Boston Globe, Unions Reach Accord, Save Paper


The Boston Globe will continue to exist.

The New York Times Company (NYT) newspaper just announced it reached an agreement with six of its employees’ seven unions.

Globe management had threatened to shut down the paper within 60 days if the unions refused to abolish lifetime employment guarantees.

The paper remains in negotiations with the Newspaper Guild, which represents writers.

On Sunday, the Guild said it had proposed $10 million in cuts, representing ”tremendous sacrifices, across virtually all categories of compensation and benefits.”

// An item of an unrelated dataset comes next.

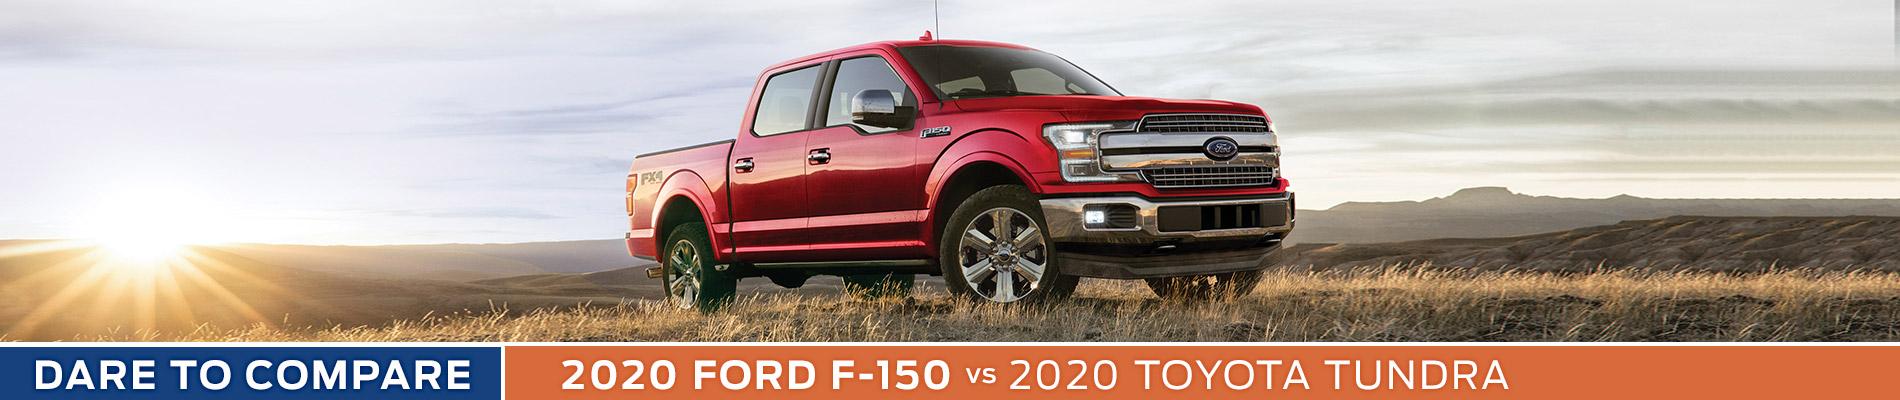 2020 Ford F-150 vs Toyota Tundra - Sun State Ford - Orlando, FL
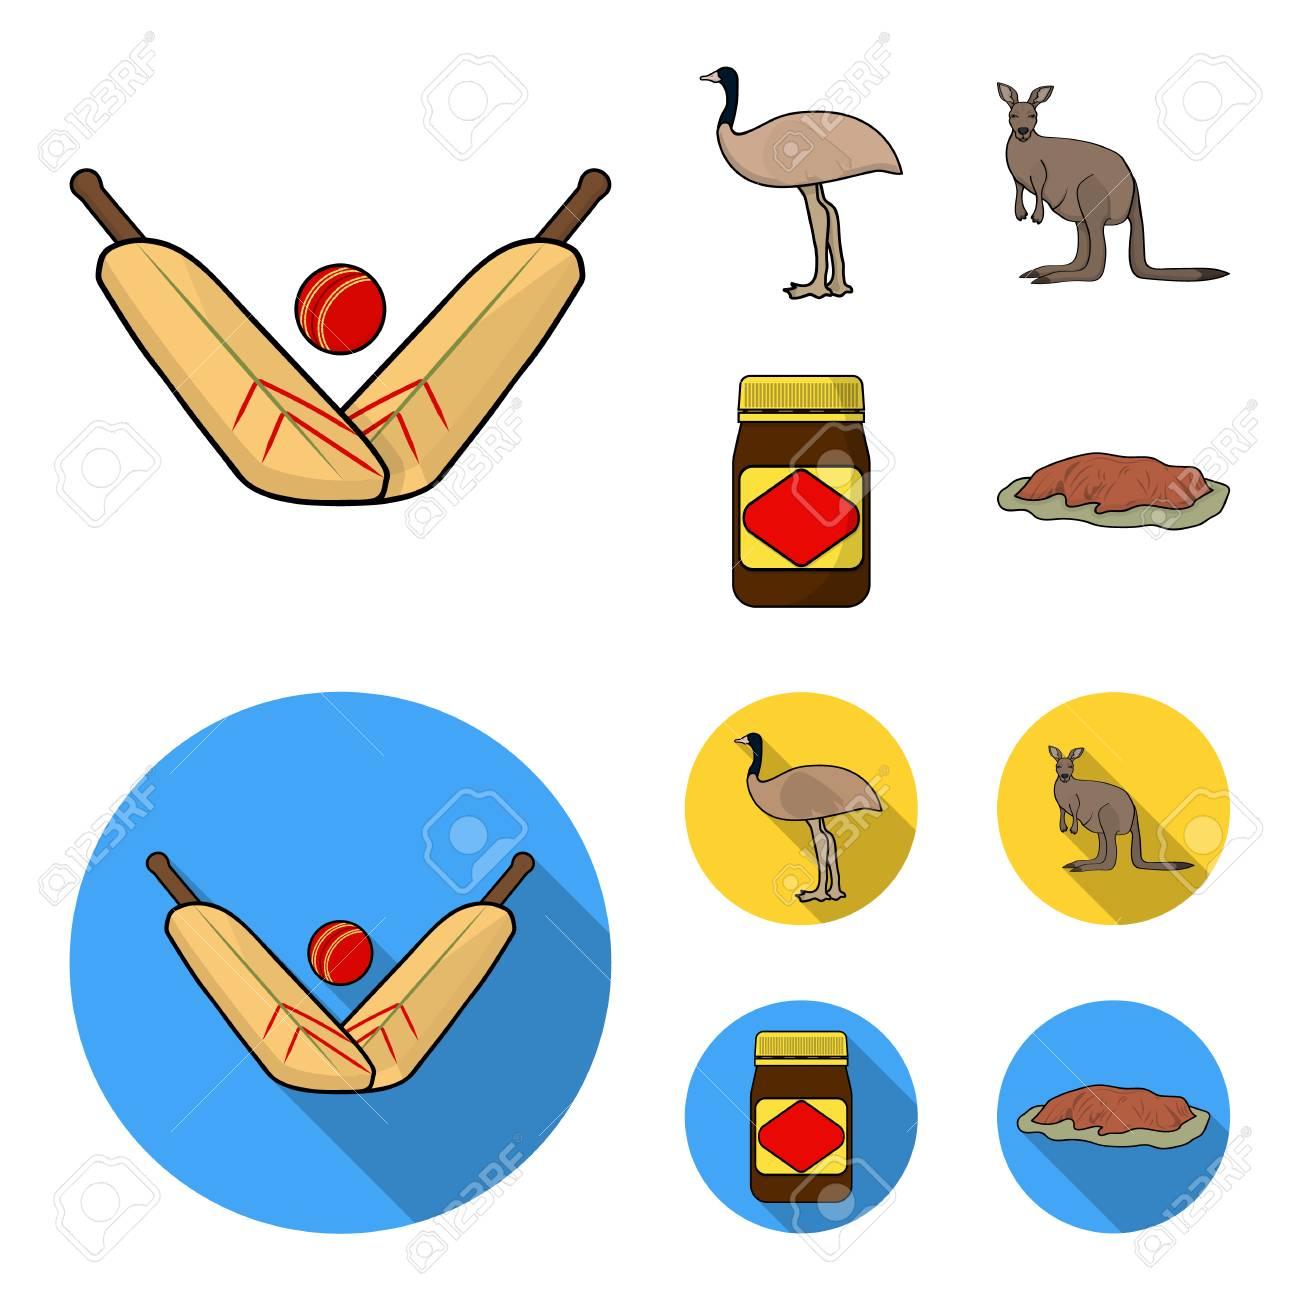 a game of cricket an emu ostrich a kangaroo a popular food rh 123rf com Cartoon Crickets Insect Funny Cricket Cartoons

Here’s the statement from The Boston Globe announcing the news:

We are very pleased to have reached agreements with six of the seven unions that were involved in recent negotiations. This includes agreements with the drivers, mailers, pressmen, the electricians, machinists, and technical services group. As a result of these agreements, which are subject to ratification by union members, we expect to achieve both the workplace flexibility and the financial savings that we sought from these unions. We are not, therefore, making a filing today under the Workers Adjustment and Retraining Notification Act. We appreciate the productive and cooperative approach demonstrated by the leadership of these unions throughout these difficult negotiations.

We are disappointed, however, that we have not yet been able to reach an agreement with the Guild. Because of that, we are evaluating our alternatives under both the Guild contract and applicable law to achieve as quickly as possible the workplace flexibility and remaining cost savings we need to help put The Globe on a sound financial footing.